Мальчишка-виночерпий откровенно скучал, вертя головой и ловя мух. Сенешал и референдий глядели на Эда во все глаза, затаив дыхание, не смея вмешиваться. Эд мог представить, с каким упоением они понесут в Верхний город весть о том, что выскочка Эфрин наконец разоблачён, предан опале и брошен в застенок, где палач выведает у него ответы на бесчисленные вопросы, над которыми весь благородный Сотелсхейм уже два года ломает голову…
Писец усердно документировал.
— Мой лорд, — сказал Эд, — я взял на себя смелость трактовать то, что услышал, и мог ошибиться. Но тугим на ухо я себя, с вашего позволения, не считаю, ибо не имею на то оснований. Я услышал имя Ортойя. Я назвал его вам. Пусть более светлая голова, чем моя, делает из этого дальнейшие выводы, раз я ошибся.
— Ты не ошибся, Эдо, — очень мягко сказал конунг. — Ты не ошибся.
«Ты солгал», — закончил его взгляд.
«Нет, — ответил глазами Эд. — Нет».
— Все вон, — сказал конунг.
Референдий шумно вскочил с места и стал сгребать бумаги. Сенешал поднялся с гораздо меньшей охотой, пристально глядя на Эда. Писец опомнился последним — он всё ещё скрипел пером, не на шутку увлёкшись документированием. Виночерпий очнулся и вопросительно взглянул на конунга. Тот жестом велел ему остаться.

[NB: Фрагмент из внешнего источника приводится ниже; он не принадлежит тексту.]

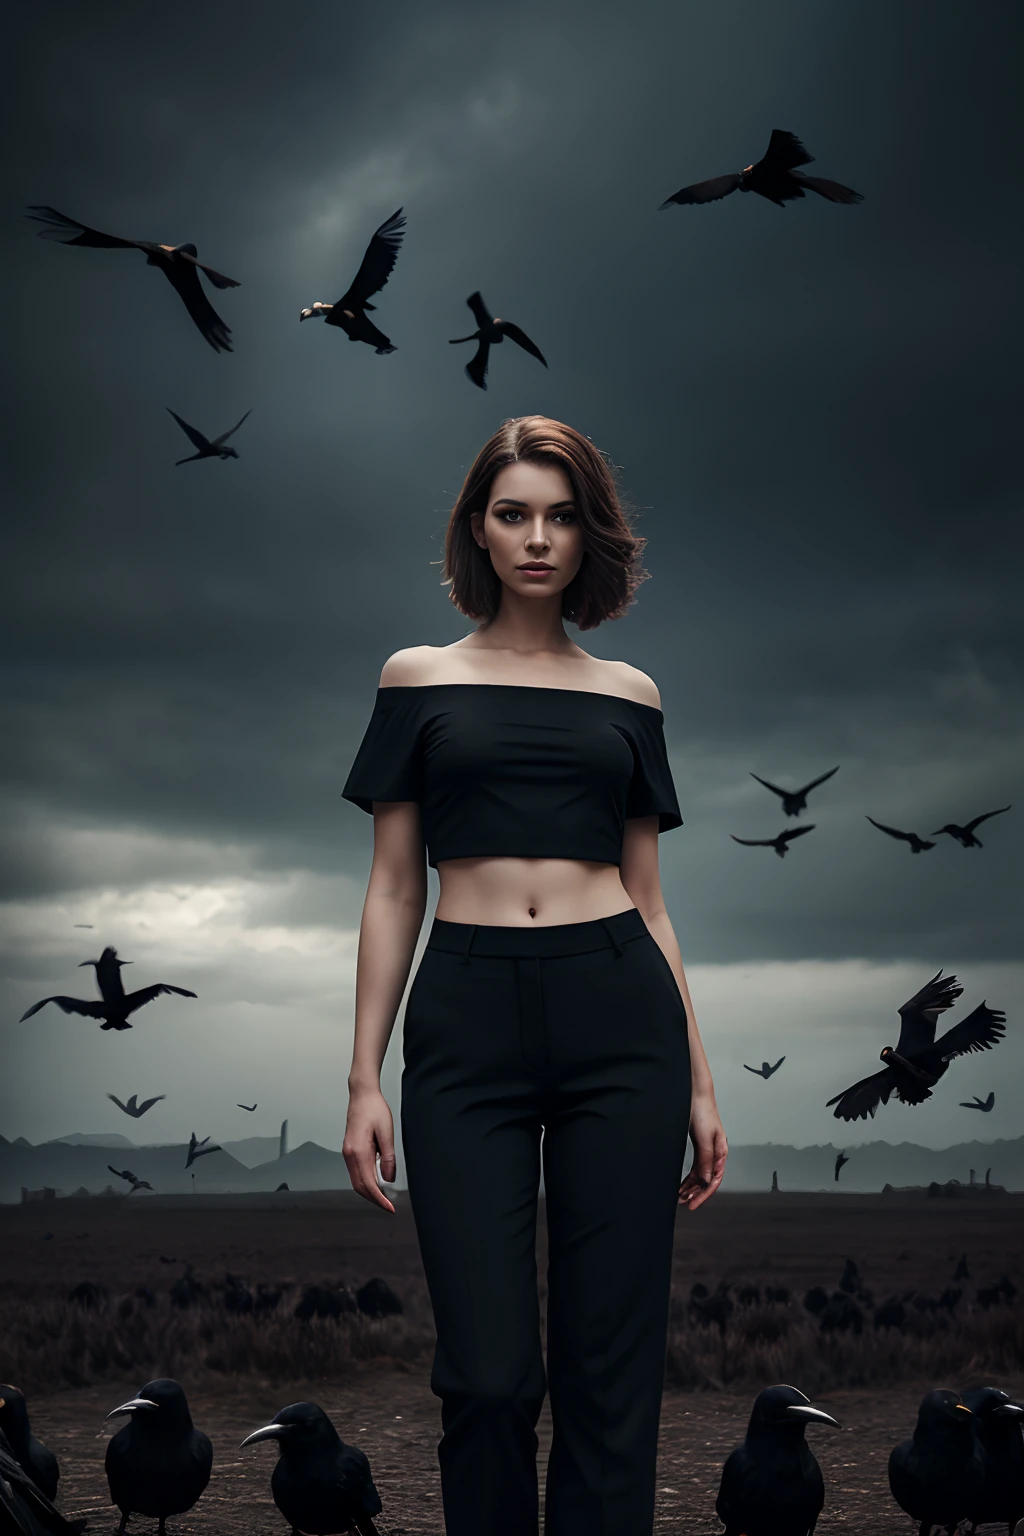 arafed woman in black top and pants standing in front of birds, flora borsi, among ravens, by Galen Dara, ravens stormy sky of foreboding, with a crow on her shoulder, photography alexey gurylev, swarms of ravens, crows, photography alexey kurylev, inspired by Richard Avedon, promo shot

Когда члены совета покинули зал, конунг сказал:
— Эд, скажи теперь, что я должен с тобой сделать?
— Мой конунг…
— Я был о тебе лучшего мнения.
— Мой лорд, я…
— Молчать.
Эд умолк.
Грегор Фосиган повернулся к нему. Шагнул вперёд — серебряная цепь на его груди тяжело качнулась, — схватил крепкой волосатой рукой запястье Эда и дёрнул его вверх, заставив раскрыть ладонь.
Мокрую, чуть заметно подрагивающую ладонь.
— Ты совсем не умеешь врать, — сказал конунг и отпустил его. — Именно это мне всегда в тебе нравилось. Я полагал, что рядом со мной наконец оказался хоть один человек, который не станет хитрить и не попытается меня одурачить. Хотя бы потому, что не сможет сделать это так, что я не замечу.
— Мой лорд… выслушайте…
— Ещё одно слово, и выслушивать тебя станет палач.
Эд перевёл дыхание. Сердце будто безумное колотилось в его груди, но он больше не пытался заговорить. Он сдался.
Идиот… безмозглый идиот. Попался, как дурак, как мальчишка. Не надо было торопиться, нельзя, нельзя торопиться в таких делах, давно ведь это понял! Нельзя, даже когда возможность кажется такой походящей… Особенно когда она кажется такой подходящей…
«Будь ты проклята, Алекзайн», — подумал Эд с ненавистью.
— Ты правда не знал, что он выжил?
— Нет, — ответил Эд. Теперь он понимал, как глупо было рассчитывать, что, исчезнув во тьме трущобных переулков, убийца сгинет бесследно.
— И что Ланс Ортойя выжил, ты тоже не знал?
Теперь Эд уже не смог скрыть потрясения. Конунг усмехнулся.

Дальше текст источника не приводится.